Based on the line of best fit, the relationship between quiz score and time spent studying appears to be linear. To determine how much time someone should study to expect a quiz score of 94, we need to find the x-value where the corresponding y-value is 94.
From the given data points, we can see that as quiz scores increase from 58 to 82, the time spent on homework per week increases from 0 to 4 hours.
To find the equation of the line of best fit, we can calculate the slope using the formula:
slope = (change in y) / (change in x) = (82 - 58) / (4 - 0) = 24 / 4 = 6
Using the points (0, 58) and the slope of 6, we can write the equation of the line in the form y = mx + b:
y = 6x + b
Substitute the coordinates of the point (0, 58) into the equation to solve for the y-intercept (b):
58 = 6(0) + b
b = 58
Therefore, the equation of the line of best fit is y = 6x + 58.
To find out how much time someone should study to expect a quiz score of 94, we can substitute y = 94 into the equation and solve for x:
94 = 6x + 58
36 = 6x
x = 6
Therefore, someone should study 6 hours per week to expect a quiz score of 94.

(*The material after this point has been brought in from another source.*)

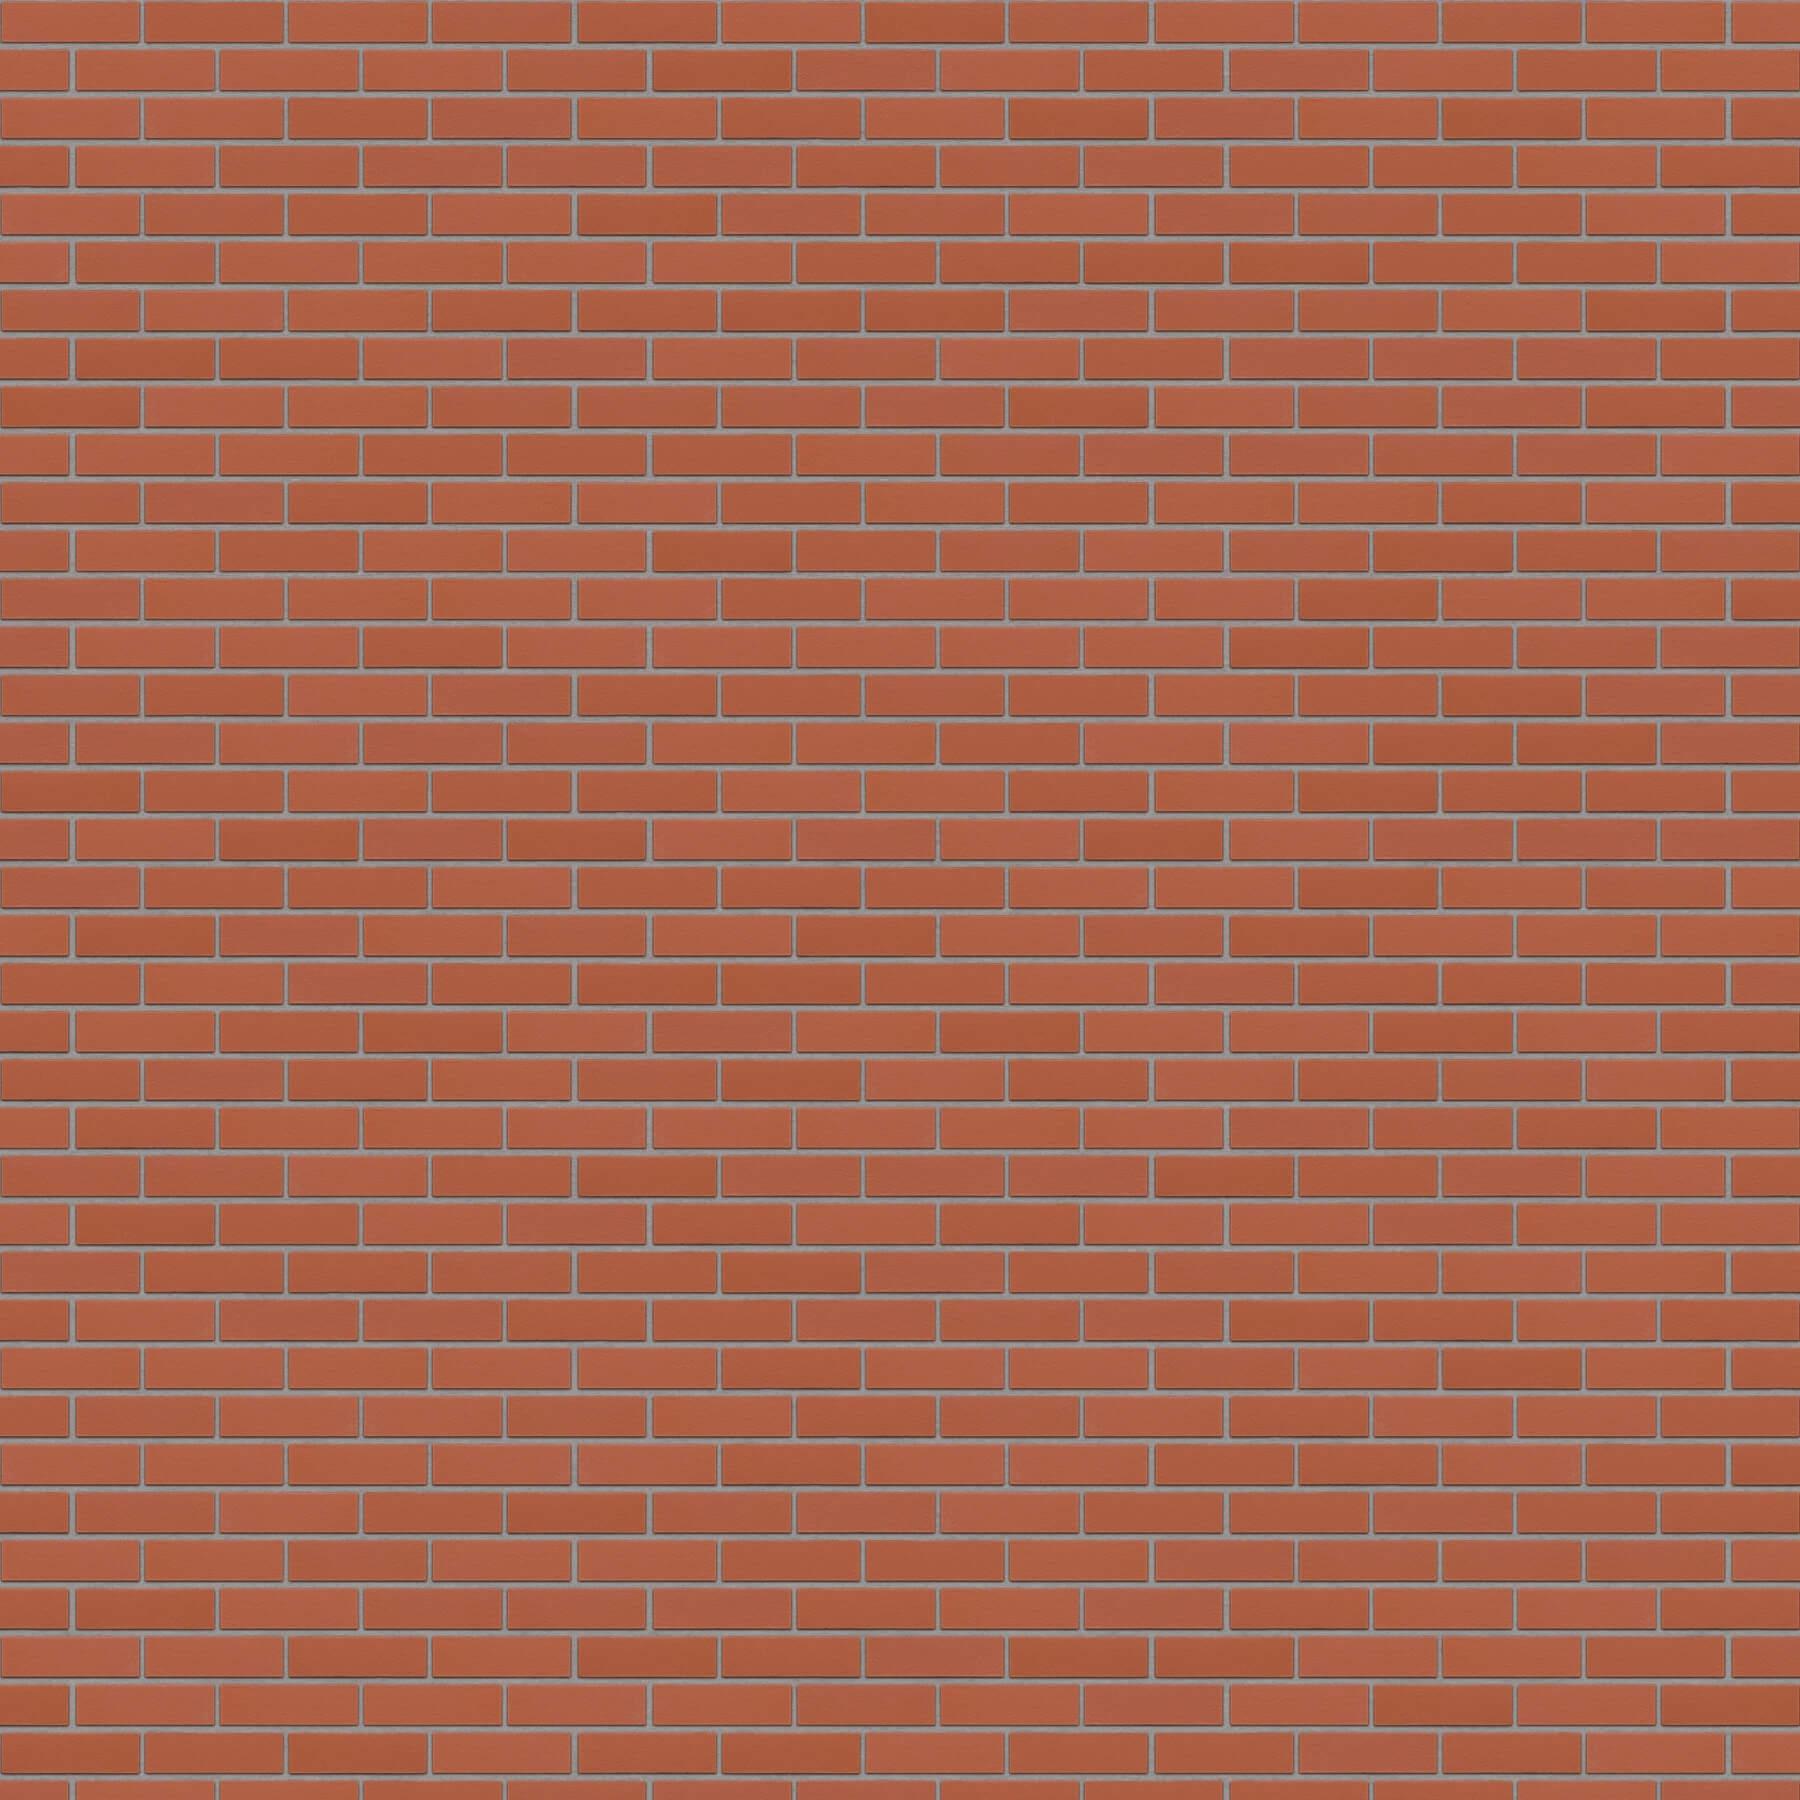 Puna-cigla-FeldHaus-Klinker-brick-house-nf-k-400-SIva Fuga

William's math teacher plots student grades on their weekly quizzes against the number of hours they say they study on the pair of coordinate axes and then draws the line of best fit. Based on the line of best fit, how much time should someone study to expect a quiz score of 94?
0
x
y
0
(0,58)
(2,70)
(4,82)
Quiz Score
Time Spent on Homework per Week (hours)
Answer
Attempt 1 out of 3
3 answers
wrong
I apologize for the mistake in my previous response. Let's correct it:
From the given data points, we have the following:
(0, 58)
(2, 70)
(4, 82)
The line of best fit for these points can be determined by calculating the slope and y-intercept. The slope can be calculated using the formula:
m = (change in y) / (change in x)
m = (82 - 58) / (4 - 0) = 24 / 4 = 6
Now we can use the slope and one of the points (0, 58) to find the y-intercept (b) using the equation y = mx + b:
58 = 6(0) + b
b = 58
So, the equation of the line of best fit is:
y = 6x + 58
To find how much time should someone study to expect a quiz score of 94 (let y = 94), we substitute y = 94 into the equation:
94 = 6x + 58
6x = 36
x = 6
Therefore, someone should study 6 hours per week to expect a quiz score of 94.
From the given data points, we have the following:
(0, 58)
(2, 70)
(4, 82)
The line of best fit for these points can be determined by calculating the slope and y-intercept. The slope can be calculated using the formula:
m = (change in y) / (change in x)
m = (82 - 58) / (4 - 0) = 24 / 4 = 6
Now we can use the slope and one of the points (0, 58) to find the y-intercept (b) using the equation y = mx + b:
58 = 6(0) + b
b = 58
So, the equation of the line of best fit is:
y = 6x + 58
To find how much time should someone study to expect a quiz score of 94 (let y = 94), we substitute y = 94 into the equation:
94 = 6x + 58
6x = 36
x = 6
Therefore, someone should study 6 hours per week to expect a quiz score of 94.